Data provided:
○ ○ ○ ○ ○

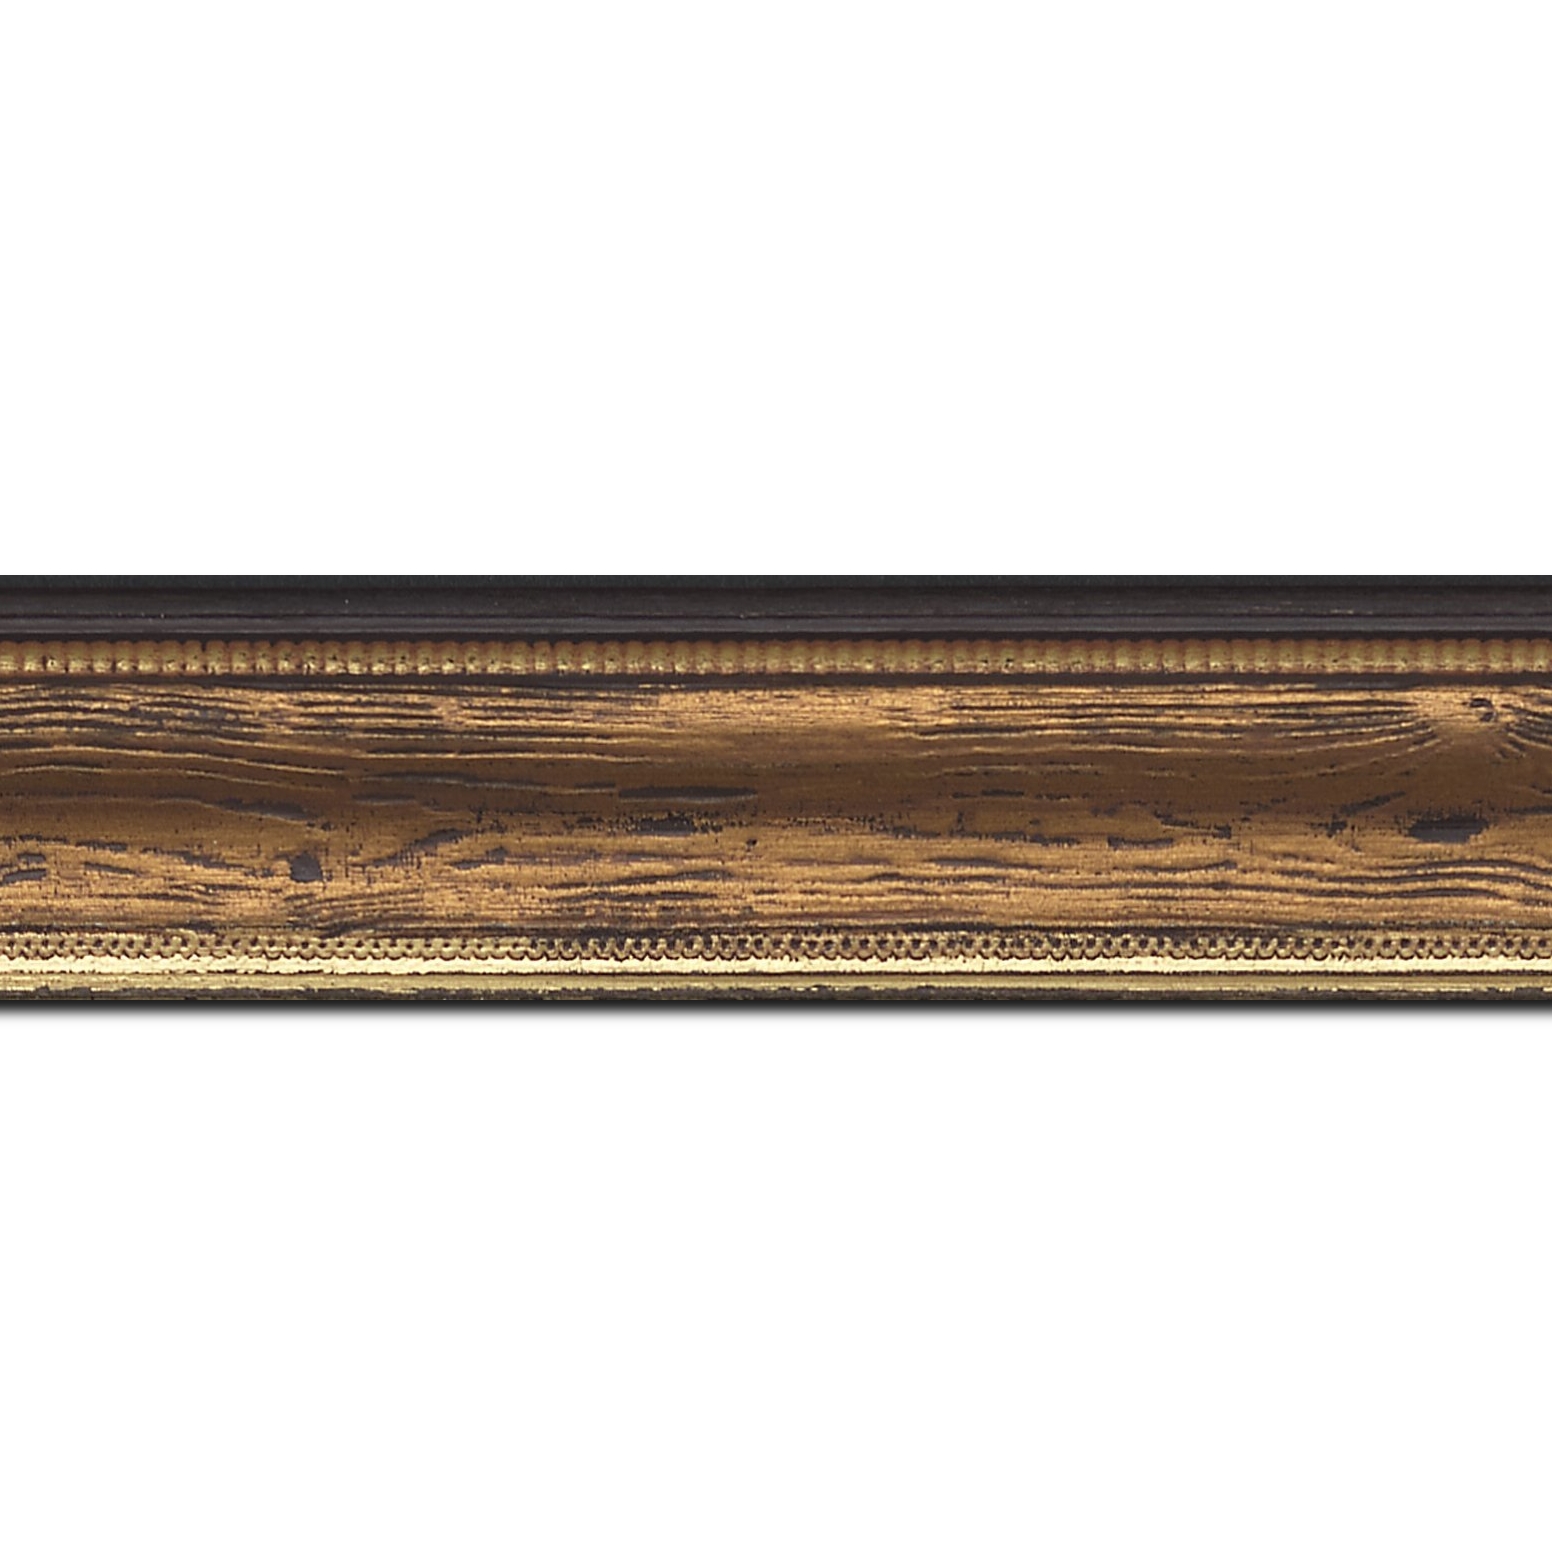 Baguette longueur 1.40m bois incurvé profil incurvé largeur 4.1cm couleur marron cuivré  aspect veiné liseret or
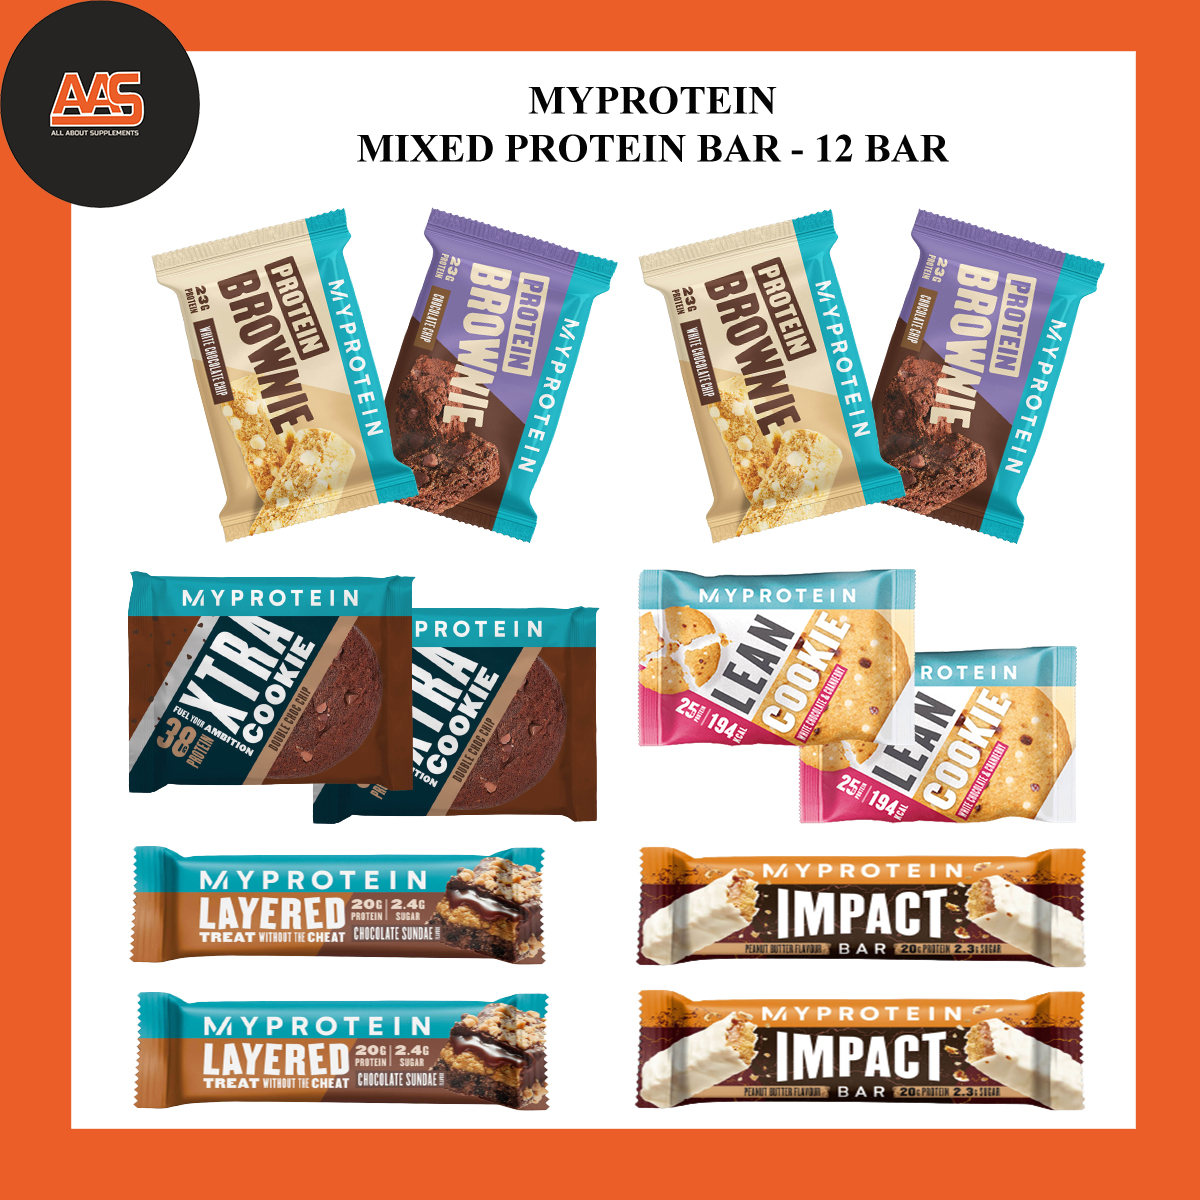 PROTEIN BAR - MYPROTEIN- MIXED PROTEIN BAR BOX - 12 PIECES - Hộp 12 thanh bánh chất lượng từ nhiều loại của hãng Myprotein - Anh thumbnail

○ ○ ○ ○ ○

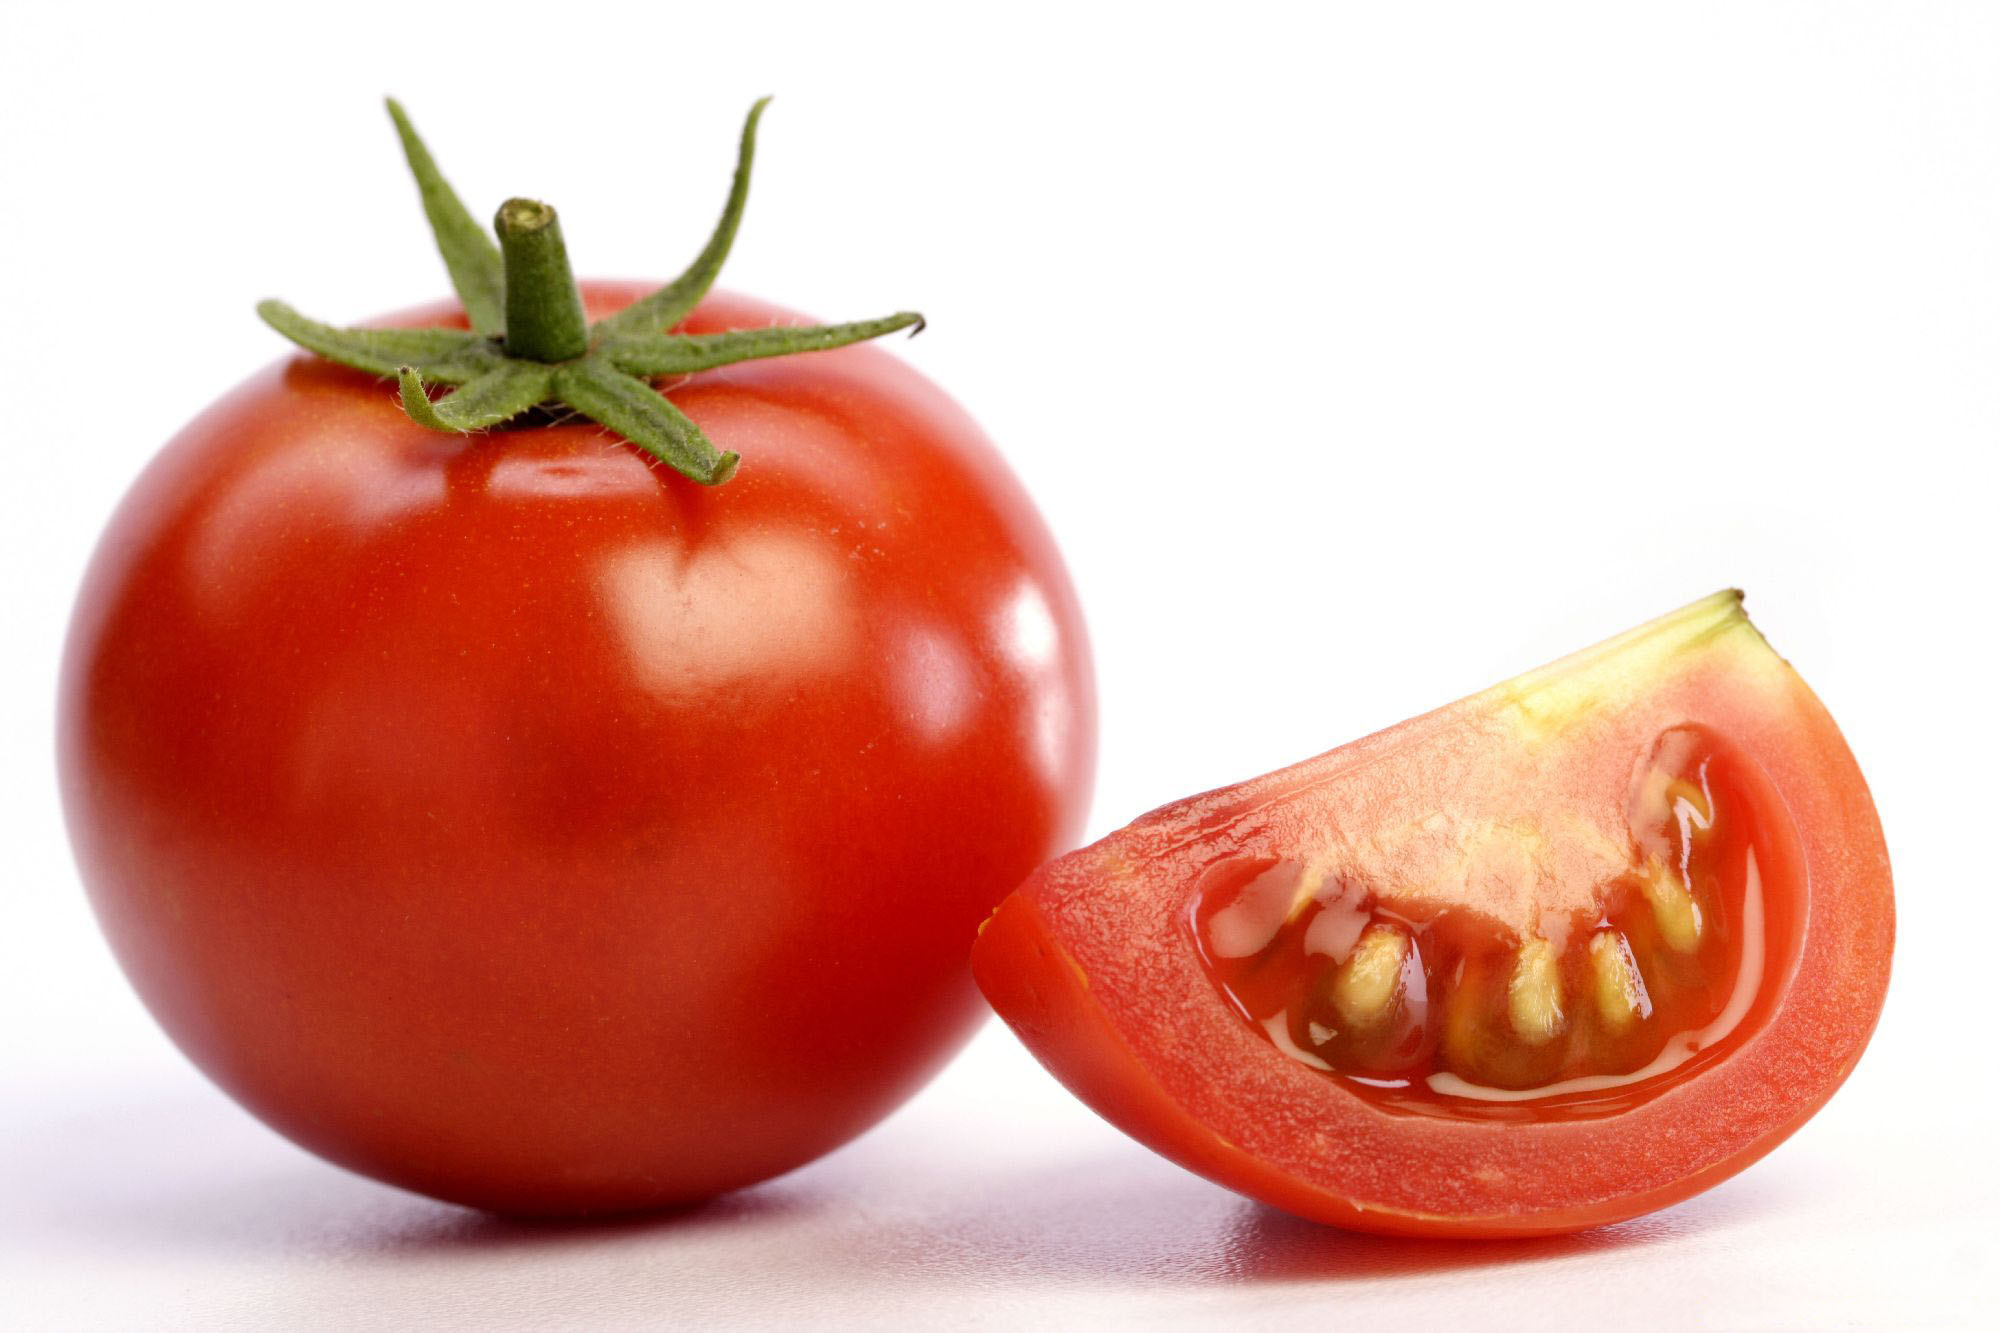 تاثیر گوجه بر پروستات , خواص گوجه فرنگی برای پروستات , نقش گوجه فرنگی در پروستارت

○ ○ ○ ○ ○

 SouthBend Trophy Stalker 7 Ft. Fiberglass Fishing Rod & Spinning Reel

○ ○ ○ ○ ○

Work required: Please output, exactly as written, the lines above from the one holding "Baguette longueur 1.40m" through the one holding "PROTEIN BAR - MYPROTEIN- MIXED", both included, with the pictures omitted.

Reply:
 Baguette longueur 1.40m bois incurvé profil incurvé largeur 4.1cm couleur marron cuivré  aspect veiné liseret or
 PROTEIN BAR - MYPROTEIN- MIXED PROTEIN BAR BOX - 12 PIECES - Hộp 12 thanh bánh chất lượng từ nhiều loại của hãng Myprotein - Anh thumbnail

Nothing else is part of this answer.